*What to produce*: Omitting all pictures, print the lines of the listing from the one containing "СВО (5 шт.)" through the final line, both ends included, with no other text.

*Data below*:
——————————

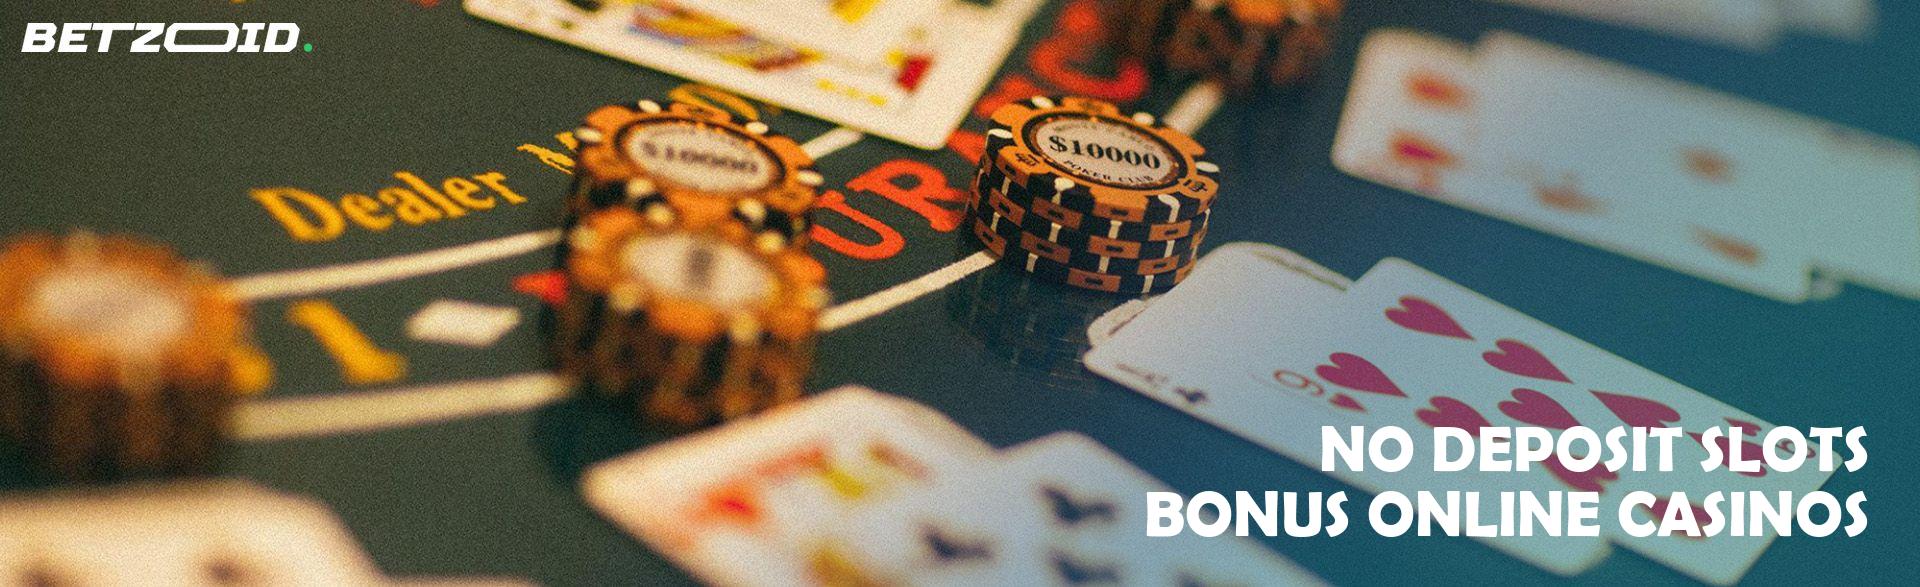 No Deposit Slots Bonus Online Casinos.
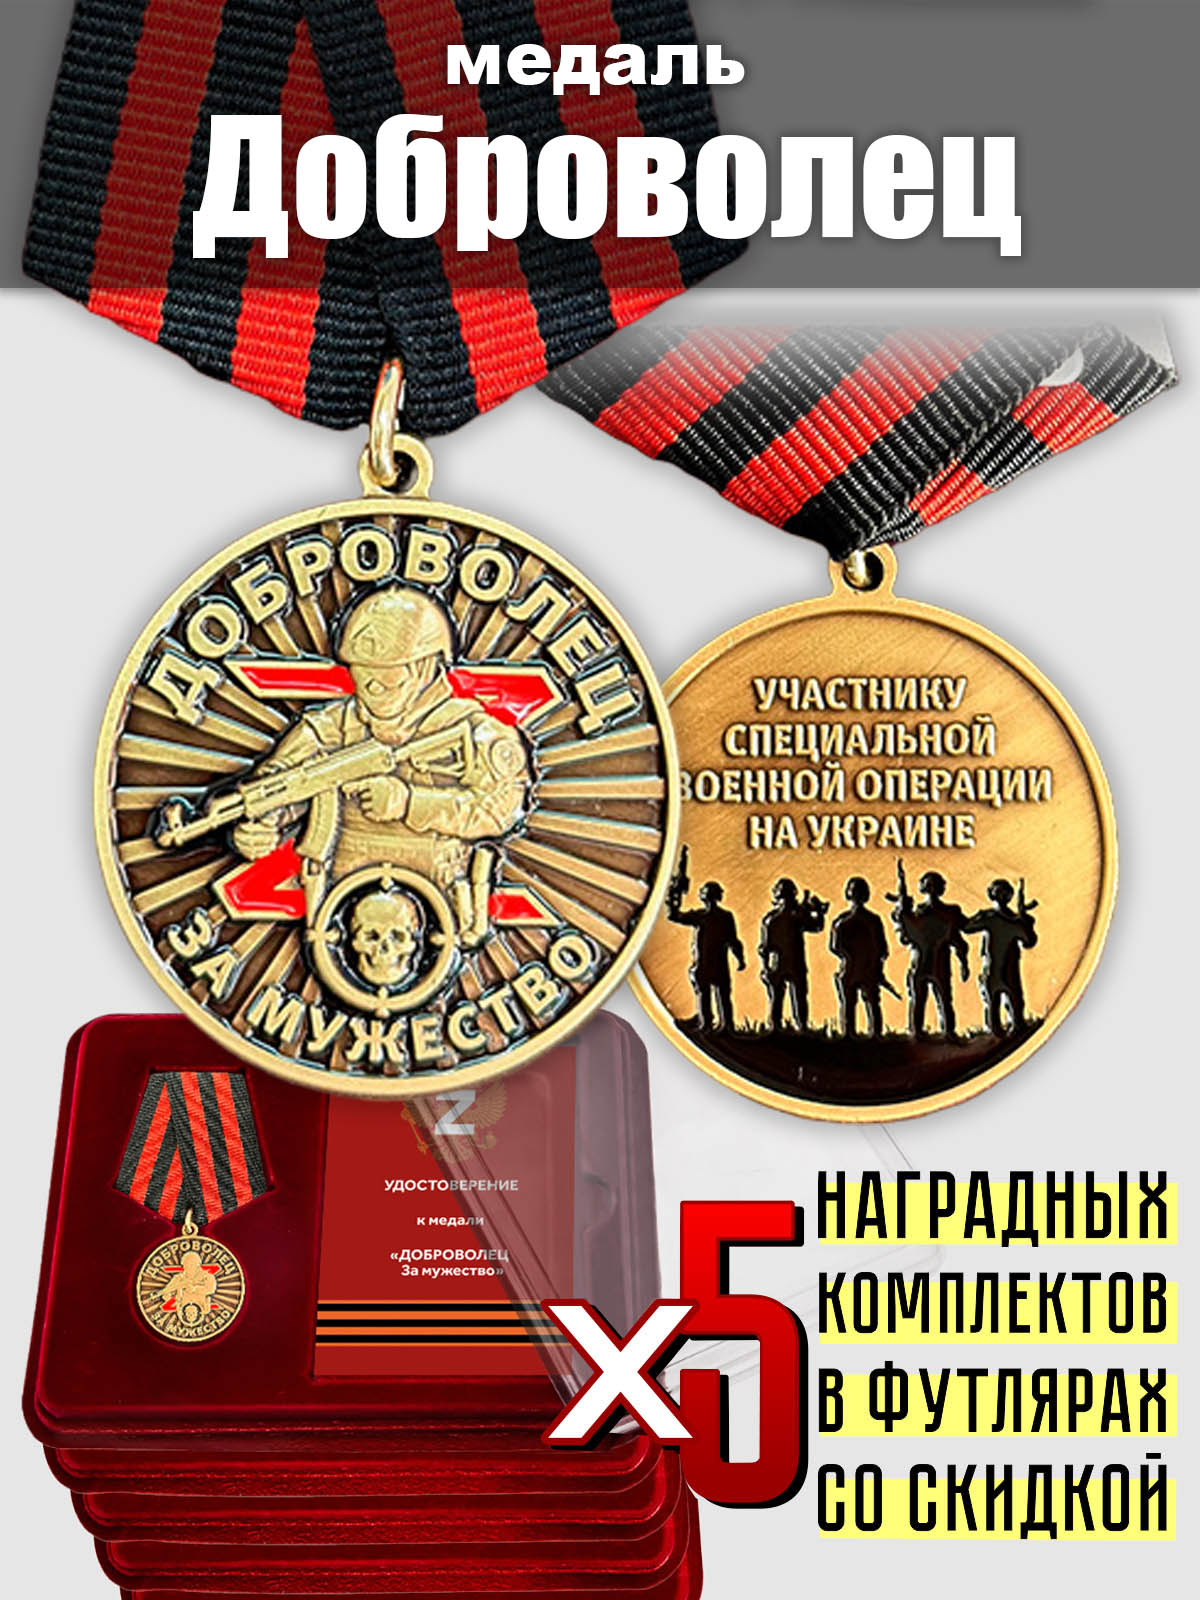 Набор медалей "За мужество" добровольцам СВО (5 шт.)
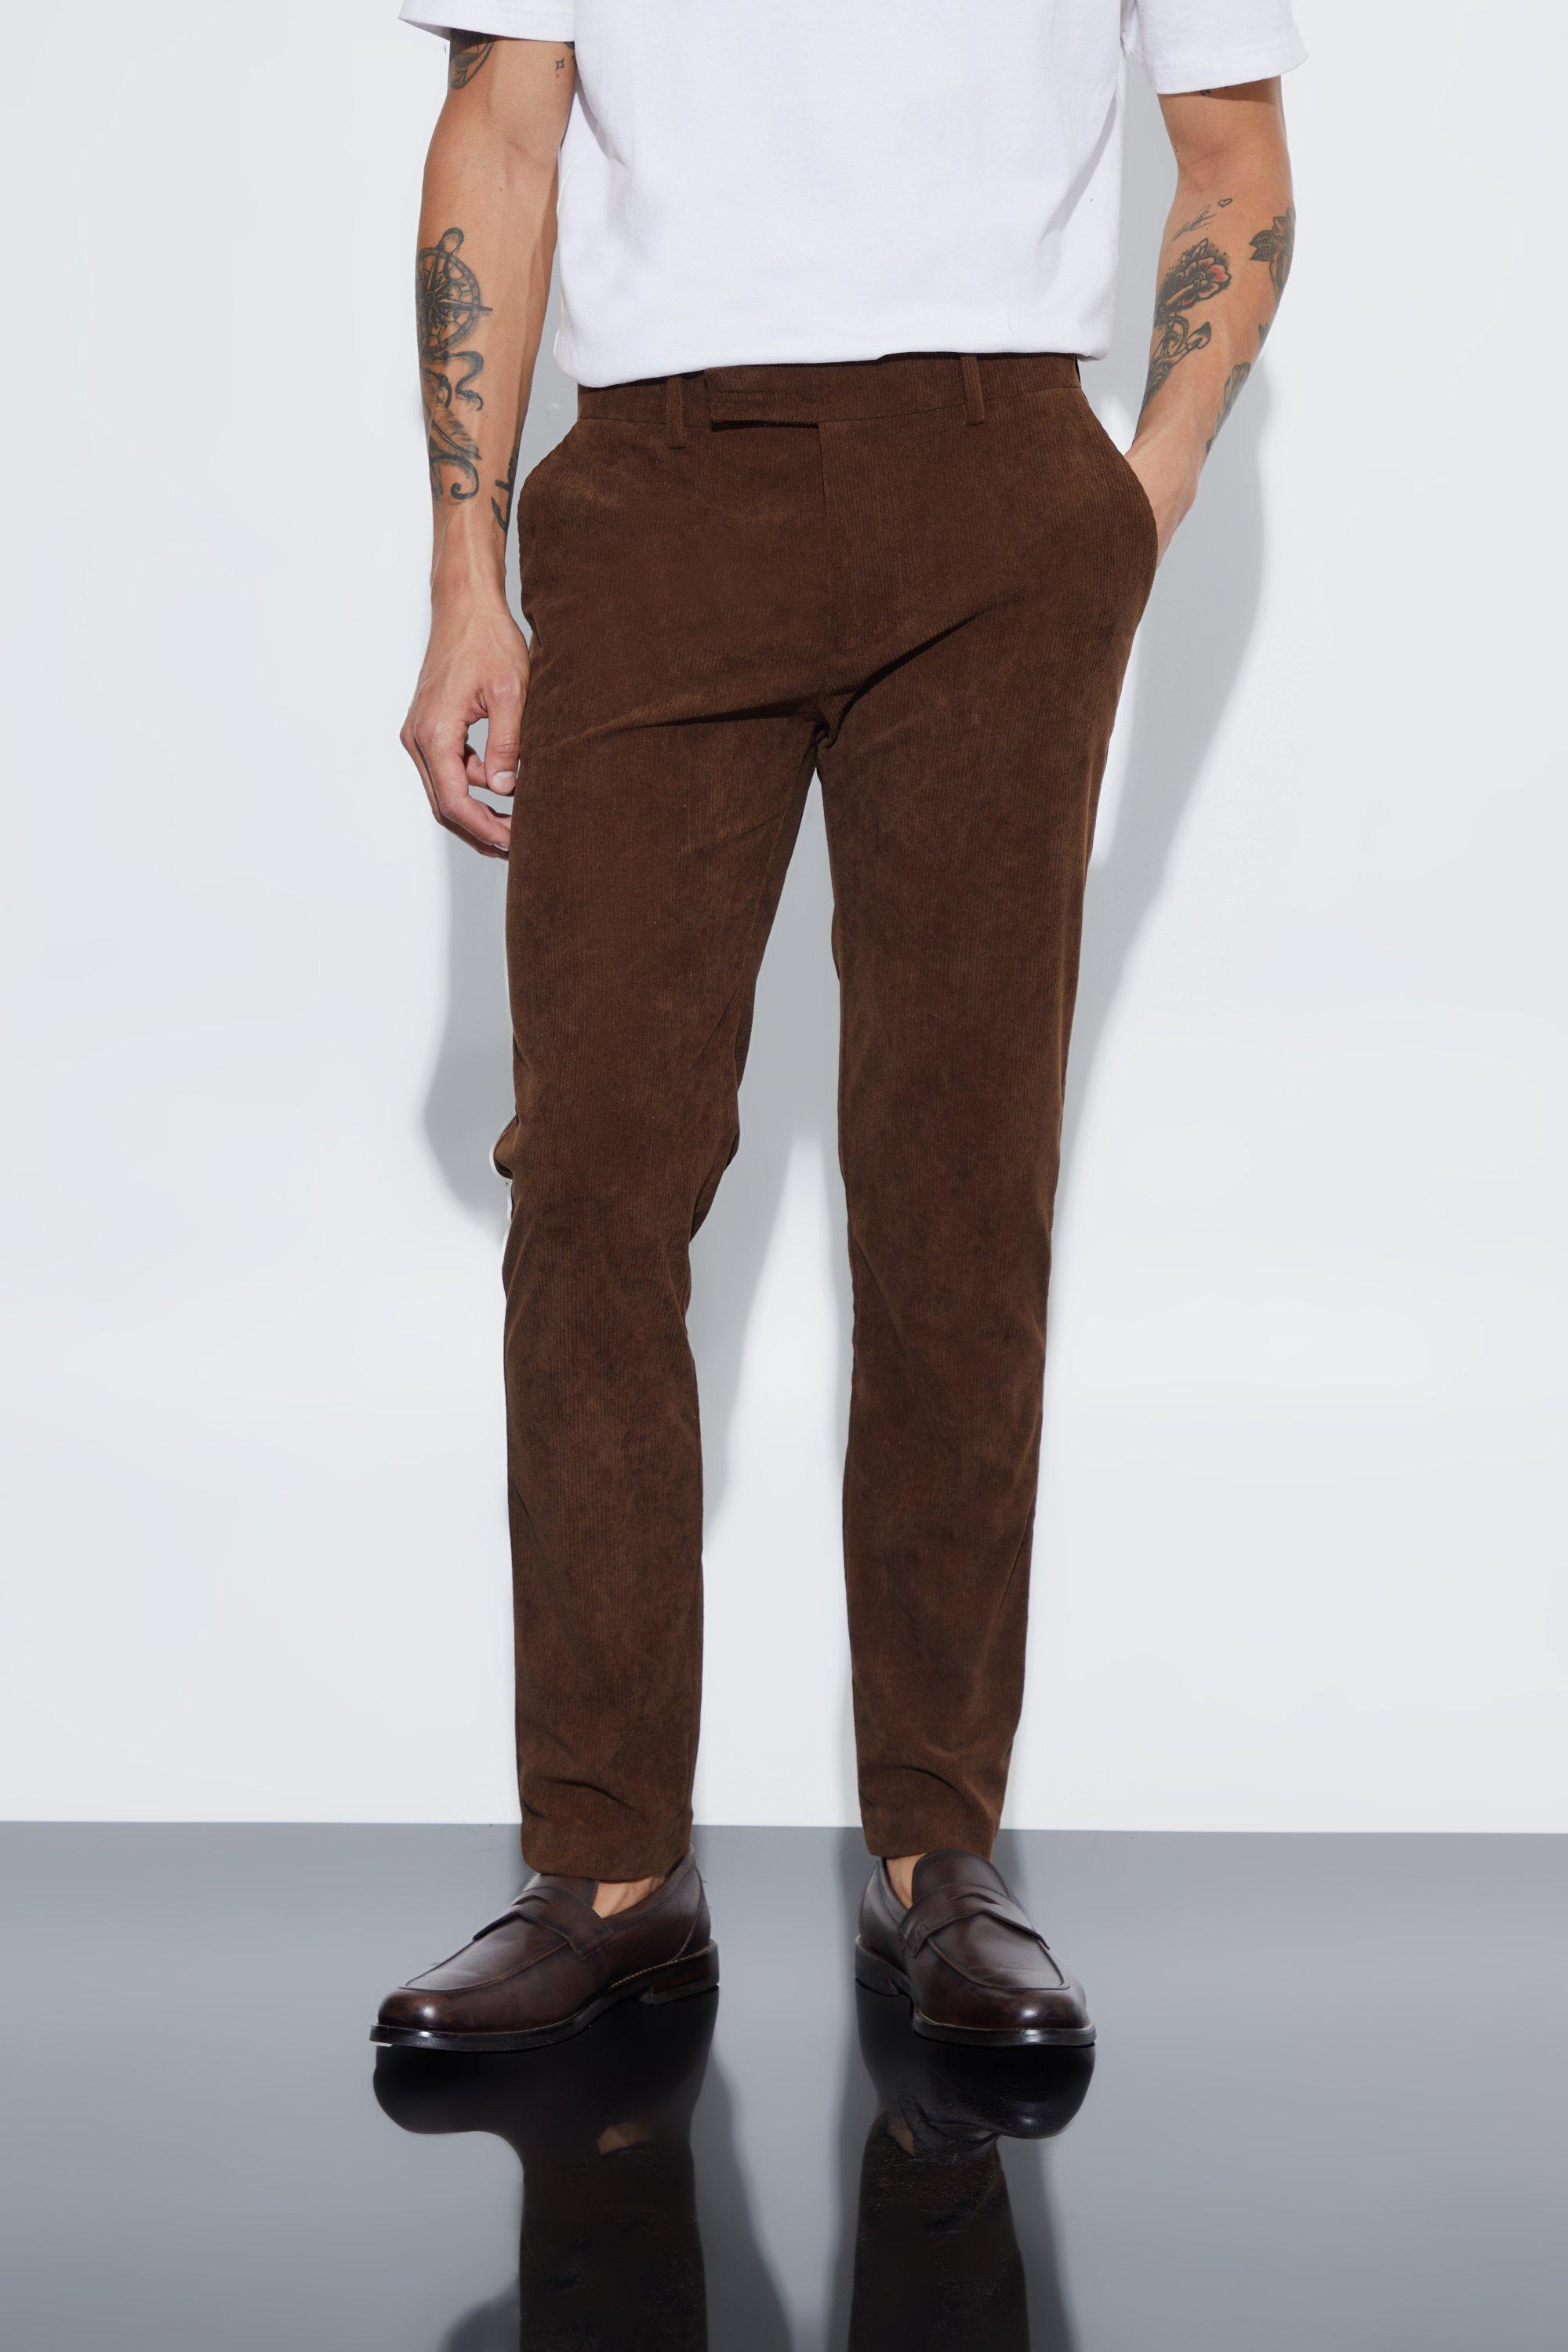 pantalon de tailleur skinny homme - brun - 30, brun

——————————

*Exercise output*:
 Набор медалей "За мужество" добровольцам СВО (5 шт.)
 pantalon de tailleur skinny homme - brun - 30, brun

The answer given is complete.